GIVEN DATA =
'''
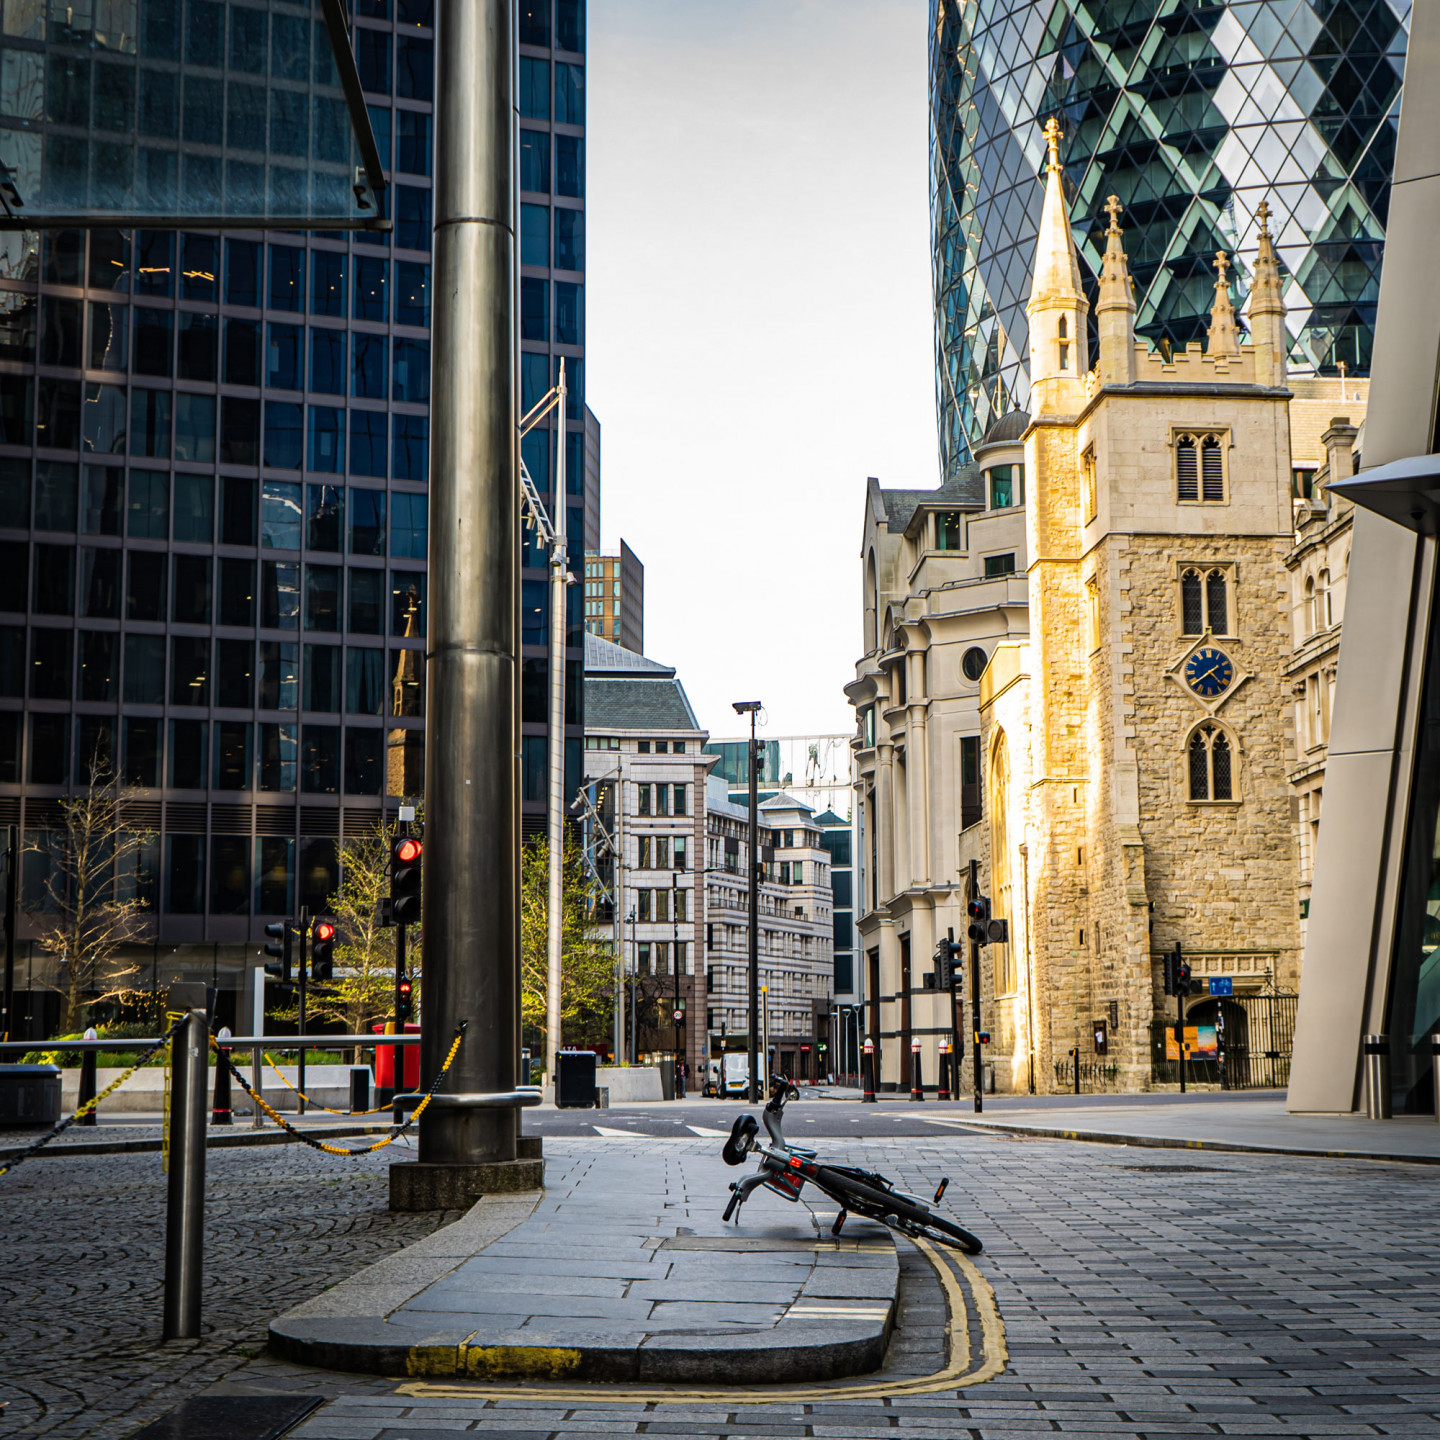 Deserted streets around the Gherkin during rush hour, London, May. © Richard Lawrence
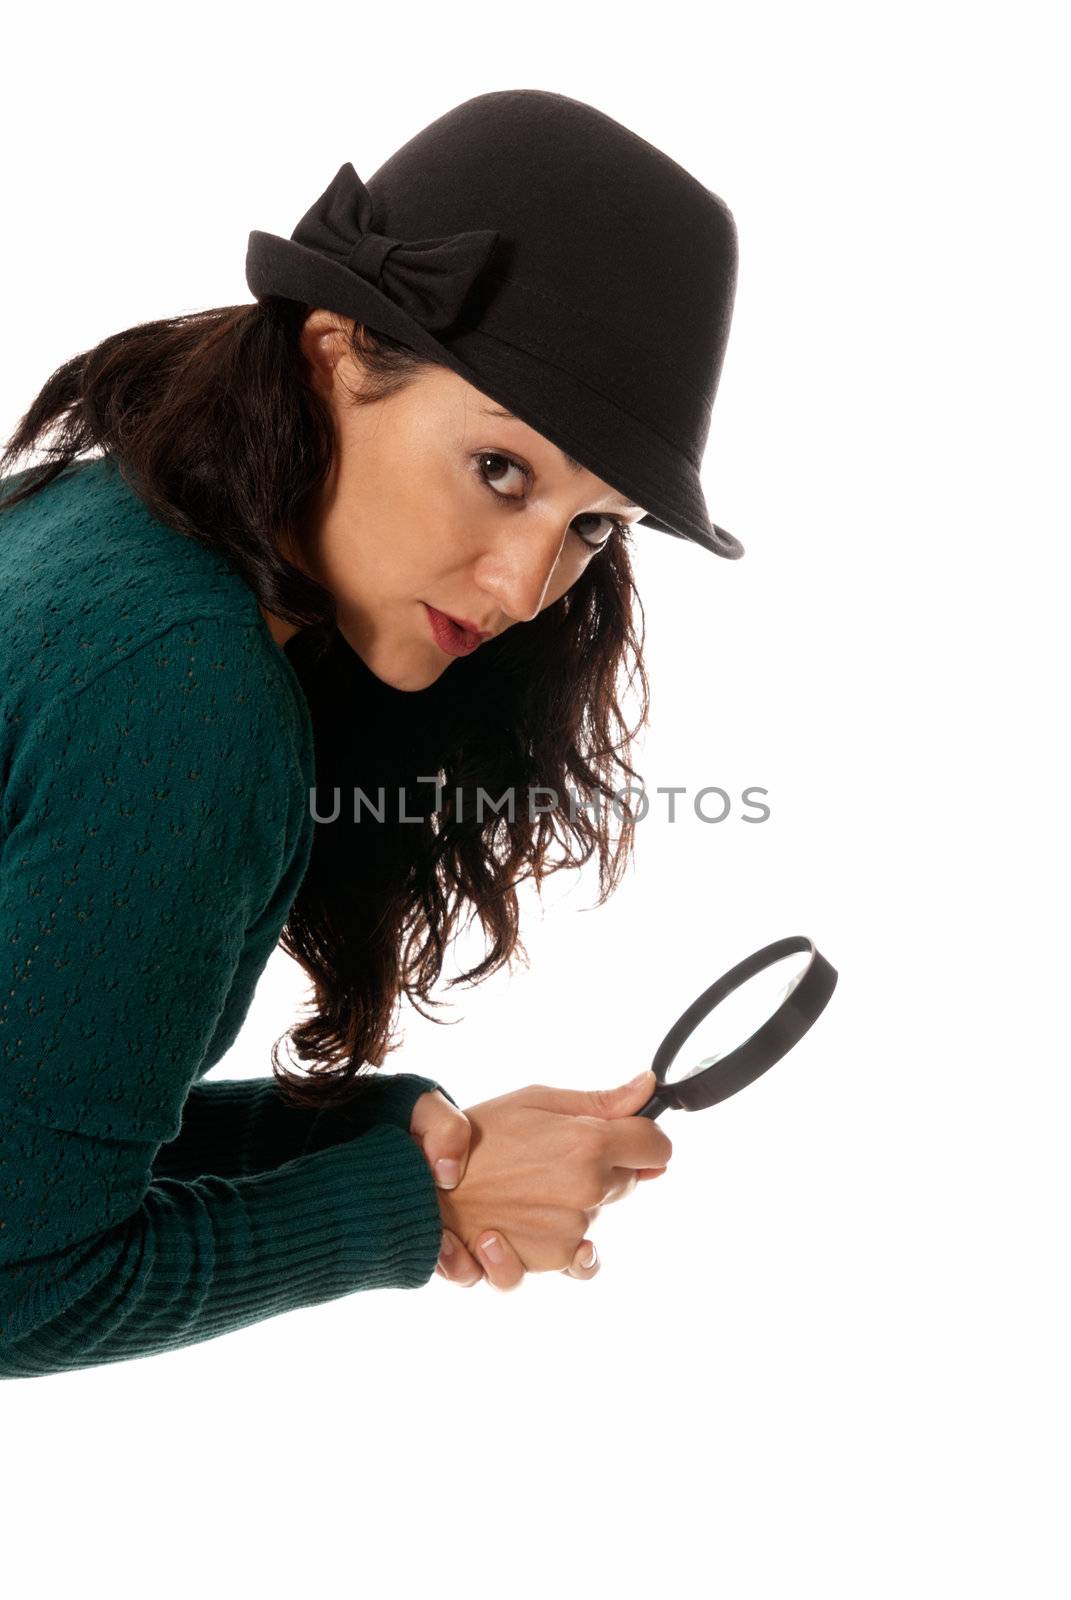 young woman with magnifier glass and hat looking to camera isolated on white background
'''
'''
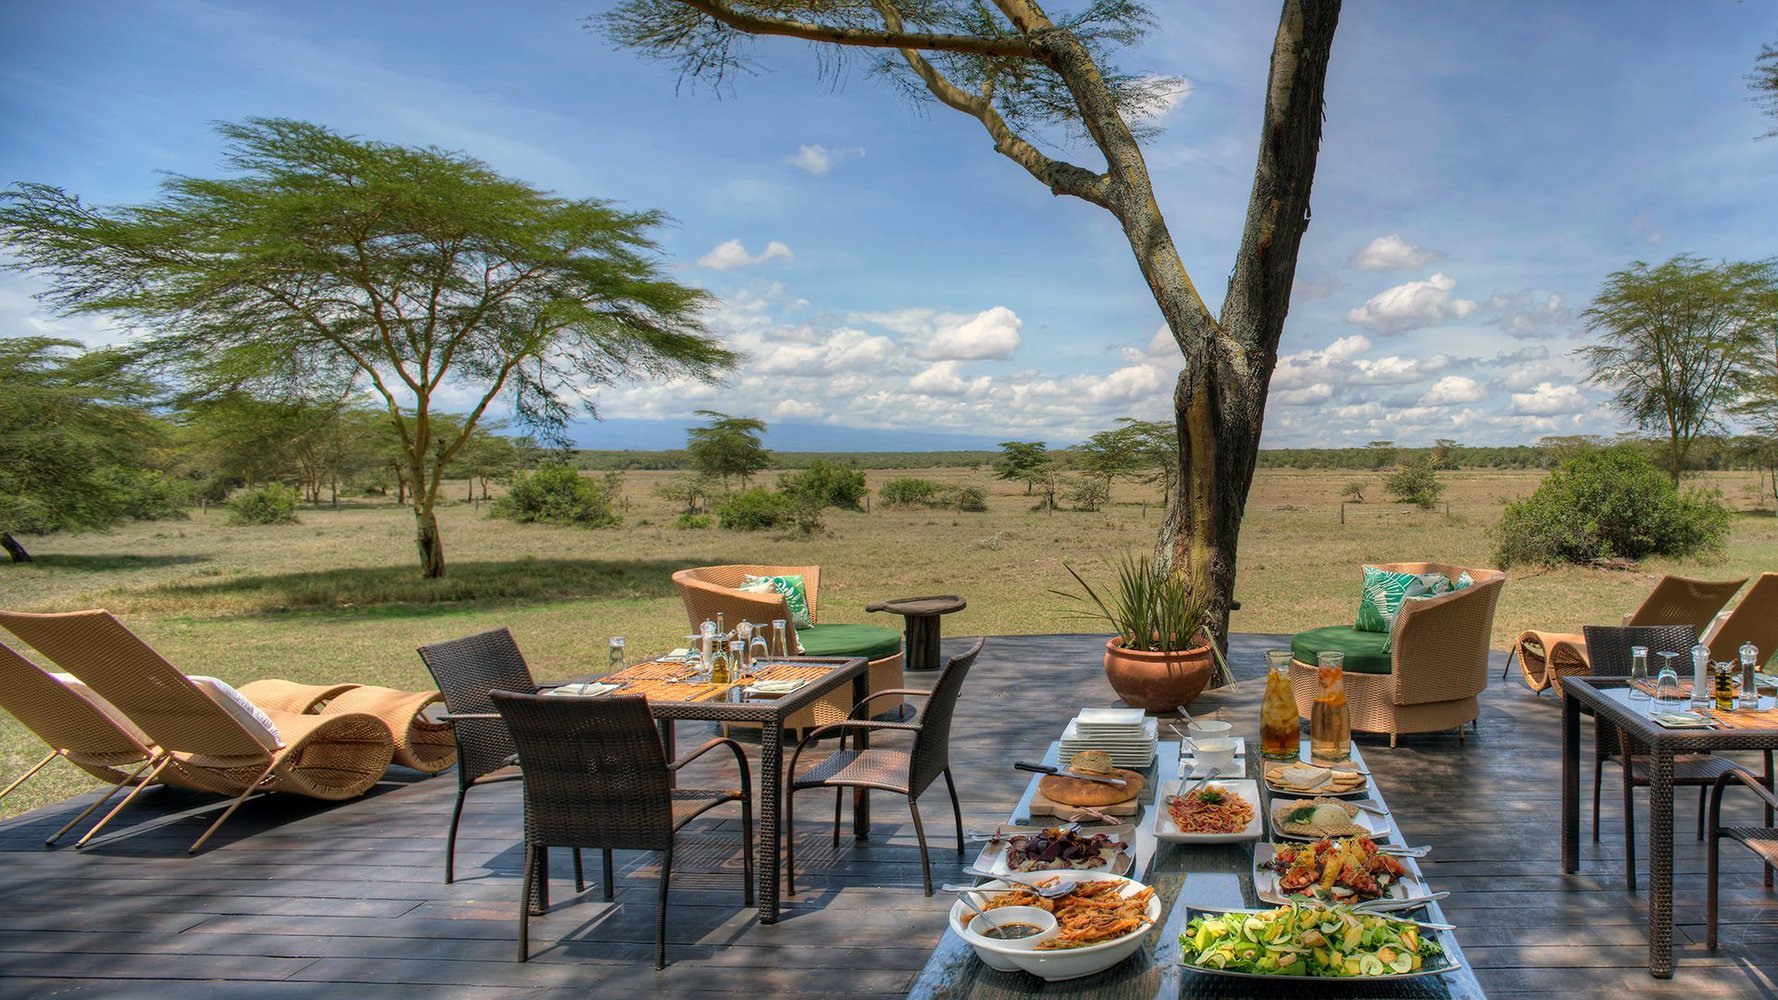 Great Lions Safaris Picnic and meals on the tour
'''
WHAT IS BEING ASKED = Beginning with the line that contains "Deserted streets around", write out the lines of the material above exactly, and end with the line that contains "young woman with". Omit the pictures.

FINAL ANSWER =
 Deserted streets around the Gherkin during rush hour, London, May. © Richard Lawrence
 young woman with magnifier glass and hat looking to camera isolated on white background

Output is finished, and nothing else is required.